Ce qu’explore Liberski dans Bunker Paradise est un monde marqué par l’indifférence et l’insensibilité, toutes deux entretenues par des chimères : obsession du fric, désir de notoriété, refus de vieillir, perversion identitaire, évasion par la drogue, rêve d’un éden lointain qui n’existe plus, etc… Les personnages du film incarnent ces idées, idéaux de notre temps désormais ancrés dans une galaxie de nantis où l’on veut « vivre » avant même de « naître ». Et les pères, cible n°1 de Liberski, sont ici les coupables : une génération qui n’est pas morte, qui veut garder son trône, qui s’érige en absolu pour la génération d’après, et qui laisse cette dernière s’isoler toute seule dans des idéaux illusoires. L’éternel mythe du fils qui veut tuer le père, donc ? Il y a de cela, oui, mais sur un mode à la fois décalé et implicite qui ne rend pas la lecture aussi grave et didactique qu’on aurait pu le craindre. Pour ce faire, Bunker Paradise laisse en effet souvent le personnage de Deveau à l’état de satellite – ou de centre de gravité – pour se concentrer en grande partie sur un autre personnage : Mimmo (François Vincentelli), aspirant Belmondo le jour, chauffeur de taxi la nuit, qui voit l’une de ses clientes semi-comateuses sauter de son véhicule pour finir la tête incrustée dans un poteau. Dix minutes plus tôt, on la découvrait abrutie par la drogue et l’alcool, titubant à quatre pattes dans un jardin jouxtant la villa de Deveau, ce qui place fissa Mimmo dans une posture de témoin indirect de la folie des lieux. Sa rencontre avec Laetitia (Audrey Marnay), jeune fiancée déphasée du maître de céans, pourrait presque griller le ressort de l’intrigue en amorçant la fuite amoureuse de deux idéalistes (celui du peuple à ma gauche, celle du people à ma droite), loin, très loin de ce ghetto cynique et cocaïné. Or, l’engrenage manipulateur dans lequel Mimmo met les pieds ne se circonscrit pas à cela et vise plus large.

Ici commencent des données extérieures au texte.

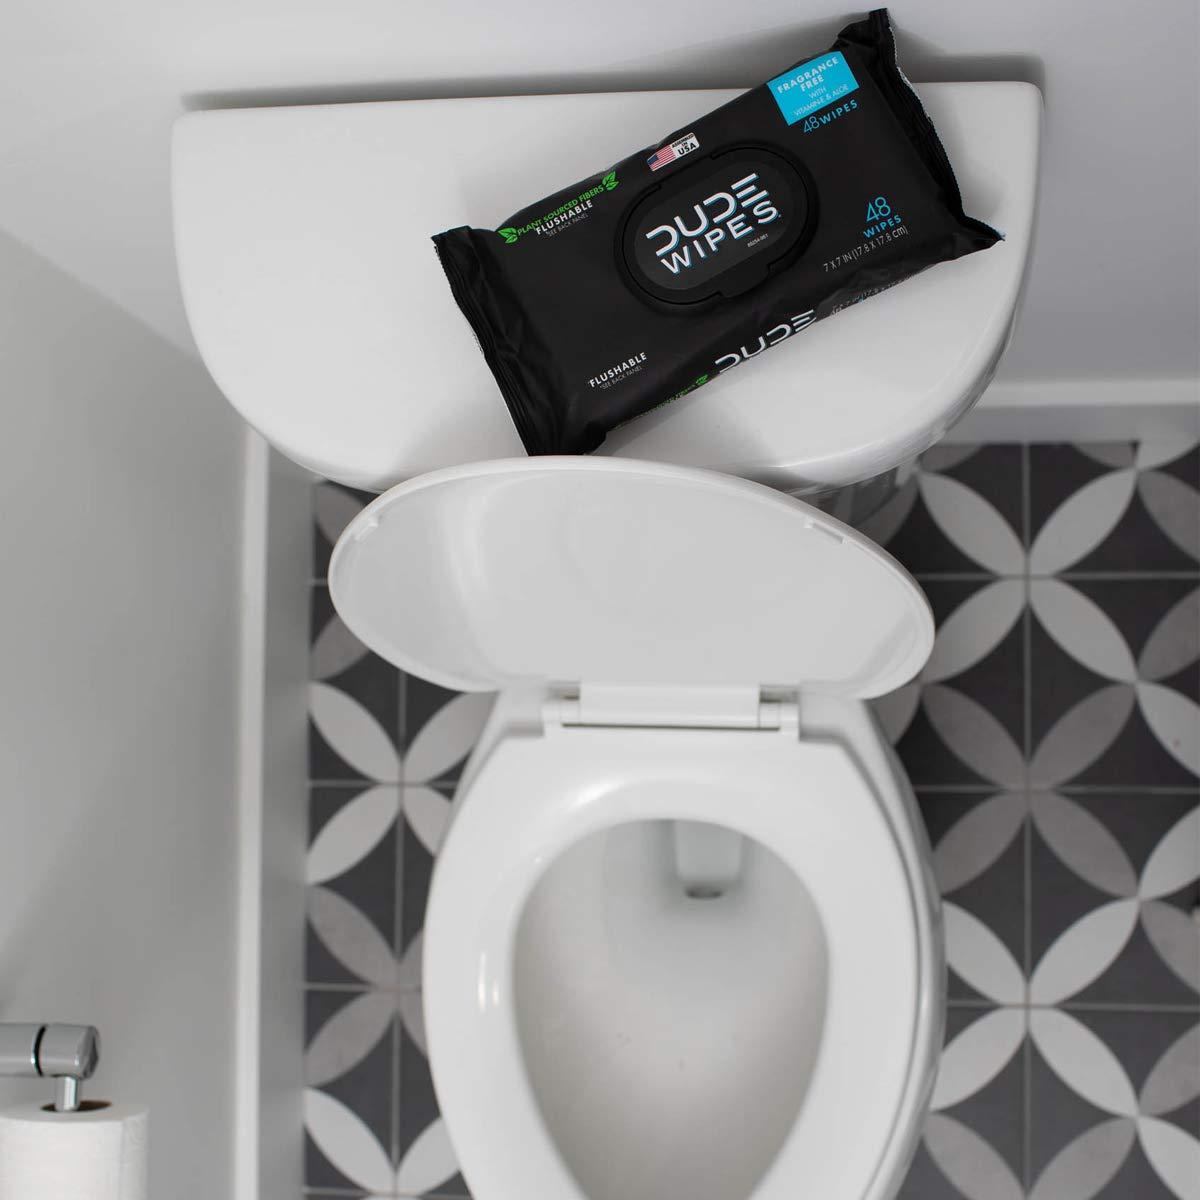 DUDE Wipes Flushable Wet Wipes Dispenser

A mesure que Mimmo cherche sa place dans le monde de Deveau, on pense l’affaire courue d’avance : un gars du peuple manipulé par des nantis qui veulent en faire une cible de leurs jeux de riches oisifs, avec une chasse finale en mode Les Chasses du Comte Zaroff pour parachever la mécanique de la spirale descendante. Sauf que Liberski bâtit ici son scénario comme une succession de scènes modelées sur des enjeux de série B (un décès brutal, un flirt musical, une virée en bateau, un trafic malhonnête, une partie de chasse…), et met alors un point d’honneur à anesthésier tout début de suspense. Sorte de faux film de genre(s) qui refuse les ficelles trop basiques pour mieux les revitaliser de l’intérieur, Bunker Paradise est à l’image de ce regard hyper perçant de Jean-Paul Rouve qui a très logiquement servi d’affiche pour le film : il ne cesse de commander un face-à-face (entre le père et le fils ? entre le film et son spectateur ?) à mesure que Deveau et sa clique semblent vouloir jouer les trouble-fête. Cela donne donc un scénario où le poisseux remonte à chaque manifestation du classieux, où un désespoir bien carabiné se fait la suite logique d’une jouissance mal canalisée, où la narration semble elle-même condamnée à faire du surplace en attendant un enjeu qui ne semble jamais répondre à l’appel. Faut-il y voir un défaut ? Absolument pas. Cette auto-anesthésie du film est celle qui caractérise le cocon mélancolique filmé par Liberski, et il fallait bien cela pour que ce dernier se mette au diapason. Tout ceci, couplé avec les prestations ahurissantes de Jean-Paul Rouve et de Bouli Lanners (qui, au détour d’une scène, chante Monika en imitant le Dean Stockwell de Blue Velvet !), sert la transformation progressive d’un faux thriller tordu en plongée concrète dans les abysses d’un désespoir très contemporain, ici enrichi par un cynisme stimulant et une poésie dérangeante qui font le sel d’un certain cinéma belge.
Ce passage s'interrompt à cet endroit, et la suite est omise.